Genomic architecture of autism spectrum disorder in Qatar: The BARAKA-Qatar Study

Abdi, Mona; Aliyev, Elbay; Trost, Brett; Kohailan, Muhammad; Aamer, Waleed; Syed, Najeeb; Shaath, Rulan; Gandhi, Geethanjali Devadoss; Engchuan, Worrawat; Howe, Jennifer; Thiruvahindrapuram, Bhooma; Geng, Melissa; Whitney, Joe; Syed, Amira; Lakshmi, Jyothi; Hussein, Sura; Albashir, Najwa; Hussein, Amal; Poggiolini, Ilaria; Elhag, Saba F.; Palaniswamy, Sasirekha; Kambouris, Marios; de Fatima Janjua, Maria; Tahir, Mohamed O.El; Nazeer, Ahsan; Shahwar, Durre; Azeem, Muhammad Waqar; Mokrab, Younes; Aati, Nazim Abdel; Akil, Ammira; Scherer, Stephen W.; Kamal, Madeeha; Fakhro, Khalid A.

Abstract

Background: Autism spectrum disorder (ASD) is a neurodevelopmental condition characterized by impaired social and communication skills, restricted interests, and repetitive behaviors.

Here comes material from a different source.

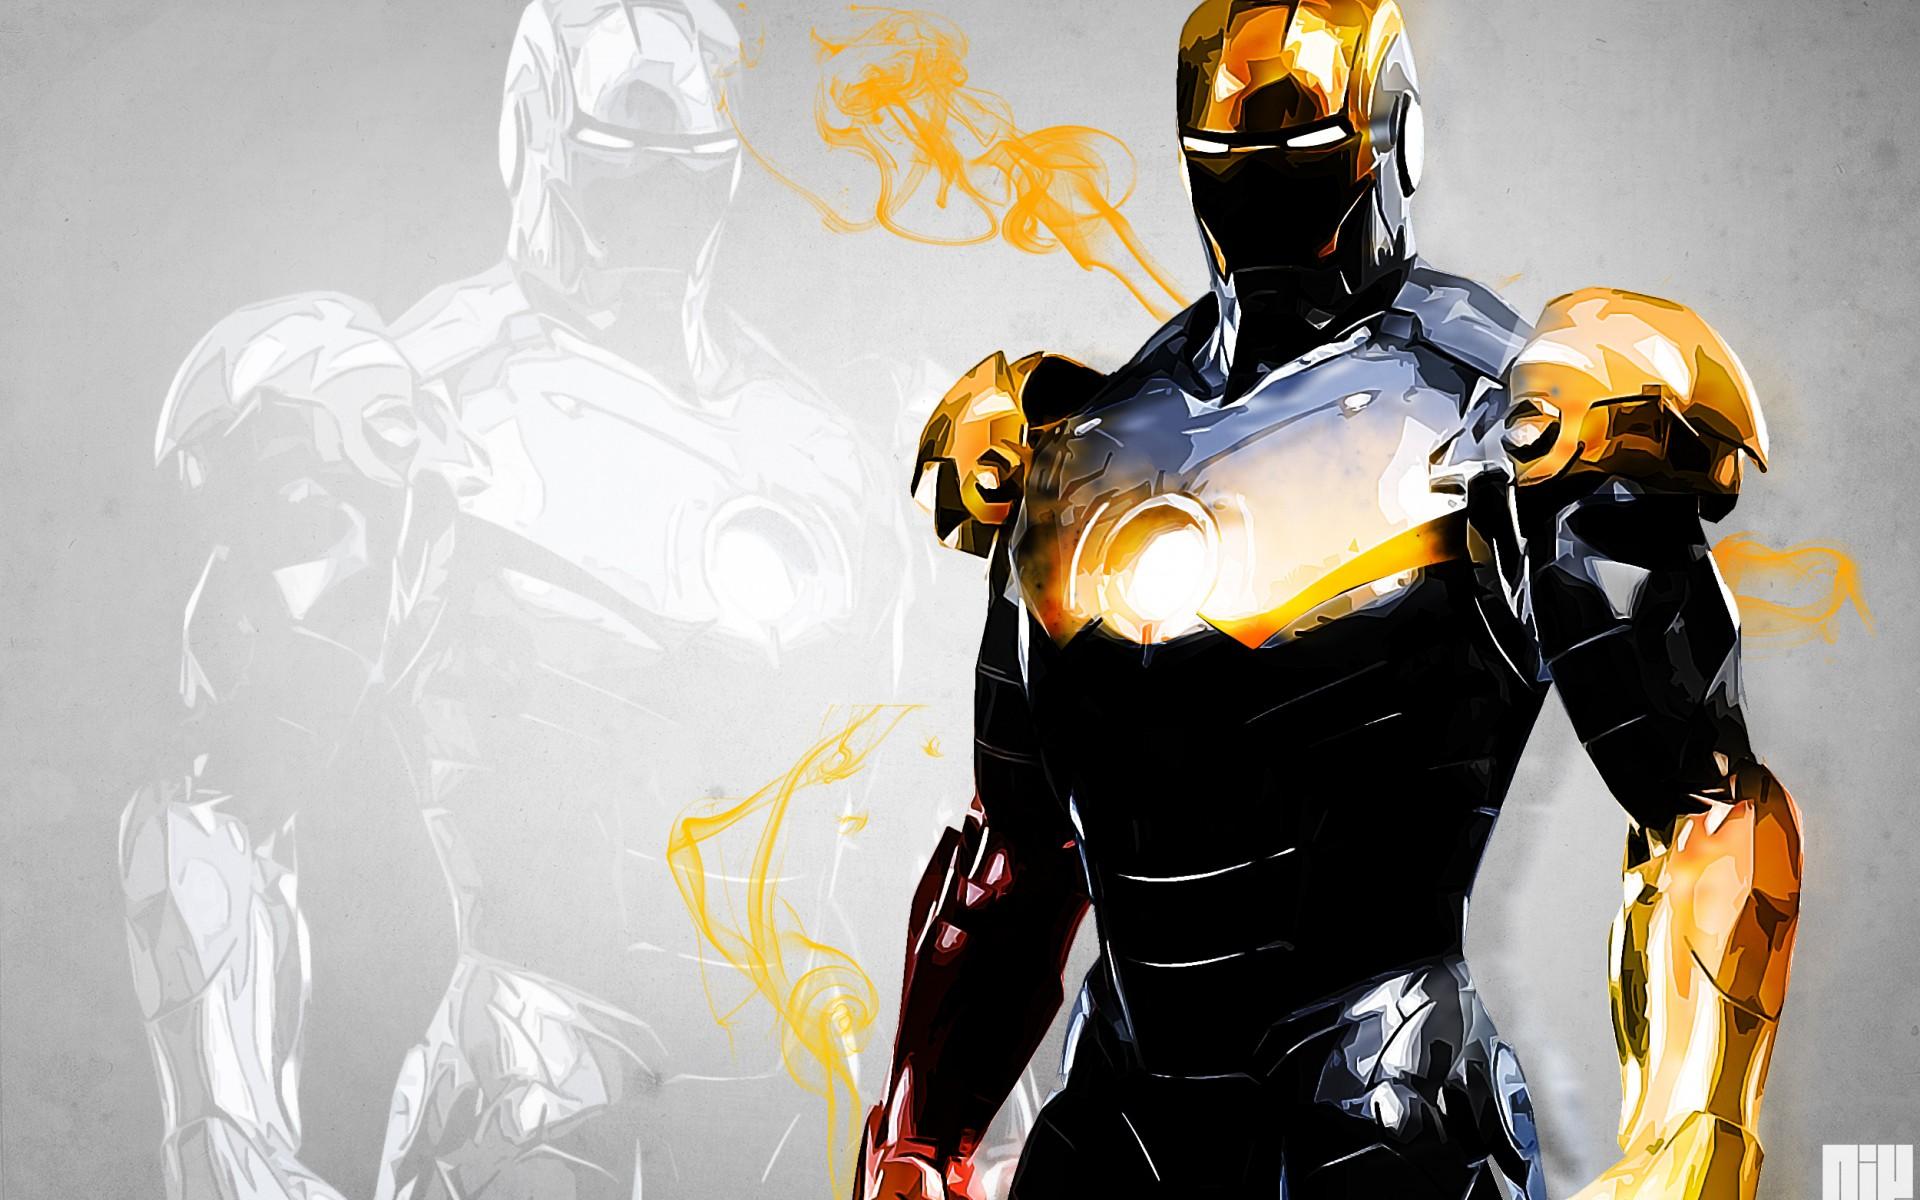 Superheroes wallpaper hd wallpapers blog iron man marvel comics superhero wallpaper 1920x1200 84804 wallpaperup voltagebd Images

The prevalence of ASD among children in Qatar was recently estimated to be 1.1%, though the genetic architecture underlying ASD both in Qatar and the greater Middle East has been largely unexplored. Here, we describe the first genomic data release from the BARAKA-Qatar Study—a nationwide program building a broadly consented biorepository of individuals with ASD and their families available for sample and data sharing and multi-omics research. Methods: In this first release, we present a comprehensive analysis of whole-genome sequencing (WGS) data of the first 100 families (372 individuals), investigating the genetic architecture, including single-nucleotide variants (SNVs), copy number variants (CNVs), tandem repeat expansions (TREs), as well as mitochondrial DNA variants (mtDNA) segregating with ASD in local families. Results: Overall, we identify potentially pathogenic variants in known genes or regions in 27 out of 100 families (27%), of which 11 variants (40.7%) were classified as pathogenic or likely-pathogenic based on American College of Medical Genetics (ACMG) guidelines. Dominant variants, including de novo and inherited, contributed to 15 (55.6%) of these families, consisting of SNVs/indels (66.7%), CNVs (13.3%), TREs (13.3%), and mtDNA variants (6.7%). Moreover, homozygous variants were found in 7 families (25.9%), with a sixfold increase in homozygous burden in consanguineous versus non-consanguineous families (13.6% and 1.8%, respectively). Furthermore, 28 novel ASD candidate genes were identified in 20 families, 23 of which had recurrent hits in MSSNG and SSC cohorts. Conclusions: This study illustrates the value of ASD studies in under-represented populations and the importance of WGS as a comprehensive tool for establishing a molecular diagnosis for families with ASD. Moreover, it uncovers a significant role for recessive variation in ASD architecture in consanguineous settings and provides a unique resource of Middle Eastern genomes for future research to the global ASD community.